Elm has a builtin function max
that will return the maximum of two comparables. The "Learn You an Elm" book points out that this can allow us to be even more succinct in our maximum function, like this:
maximum_ : List comparable -> comparable
maximum_ list =
case list of
[] -> Debug.crash "Maximum of empty list?!"
[x] -> x
(x::xs) -> max x (maximum_ xs)
maximum_ [1,2,3,4,5,4,3,2,1]
--> 5
Wonderful.
List machinery
I've talked at length about recursion, and perhaps you too can see the beauty therein.
So what about list machinery? Again, following the 'what not how' philosophy, let's look at a little bit of list machinery in the form of the swiss army chainsaw function reduce
, which in elm (and other languages) is known as foldl
- for "fold-left".
We'll re-implement the maximum
function with foldl
and the max
builtin function:
maximum_ : List comparable -> comparable
maximum_ list =
List.foldl max 0 list
maximum_ [1,2,3,4,5,4,3,2,1]
--> 5
The foldl
function reduces a list by applying a function in turn to each of the elements. The function to apply should have two parameters - the first to accept the accumulated value and the second to accept the list element being folded over. So here, the function to apply is max
, which takes two arguments, and the initial value for any maximum comparison (of positive numbers, at least) should be zero.

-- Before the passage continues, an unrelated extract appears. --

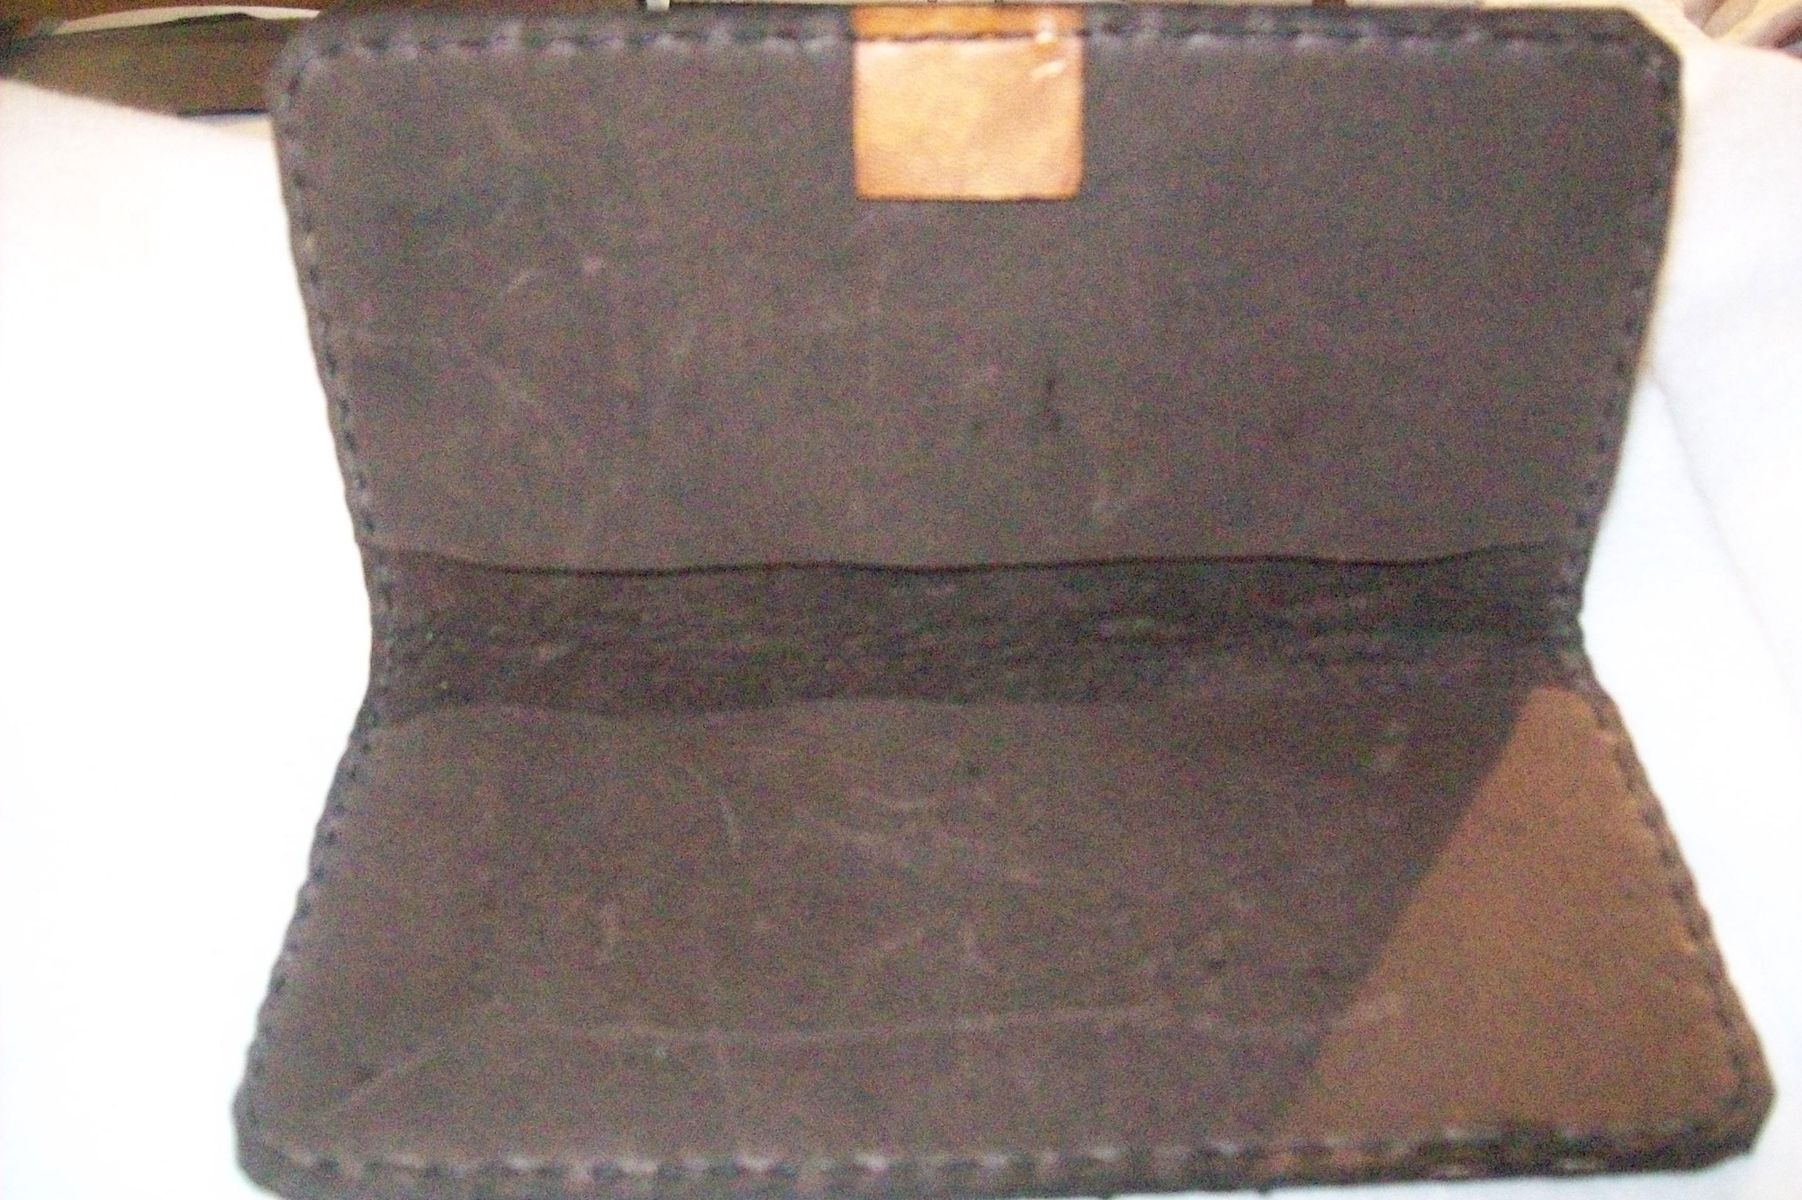 sale leather checkbook covers

Perhaps more wonderful even than the recursive version? Remember that we're processing each element of a list, without any concern as to how that processing happens - we leave that to the language's list machinery to deal with for us.
And to finish, how about using foldl
to reverse a list, so we can contrast it with the recursive definition earlier?
List.foldl (::) [] [1,2,3,4,5]
--> [5,4,3,2,1]
(The cons function ::
can be used in function position by surrounding it in brackets.)
Gosh. Worthy of a long stare. Don't you think?
Postscript:
A day after publishing this post, I find myself at Lambda Lounge in Manchester this evening, hosted at MadLab, where we're learning about Elixir, a dynamic functional language on the Erlang OTP platform, and a short way into the session, this sample is presented to us:
defmodule Factorial do
def of(0), do: 1
def of(n), do: n * of(n-1)
end
Factorial.of(5)
//> 120
While the Elixir syntax may be less familiar to us right now, I'm guessing that the approach here, that we've examined in this post, jumps off the page in a rush of familiarity. Within the Factorial
module, we have a couple of definitions of the of
function, which are used in the same pattern matching way. And we can see the base case defined thus:
def of(0), do: 1
and the recursive call:
def of(n), do: n * of(n-1)
Lovely.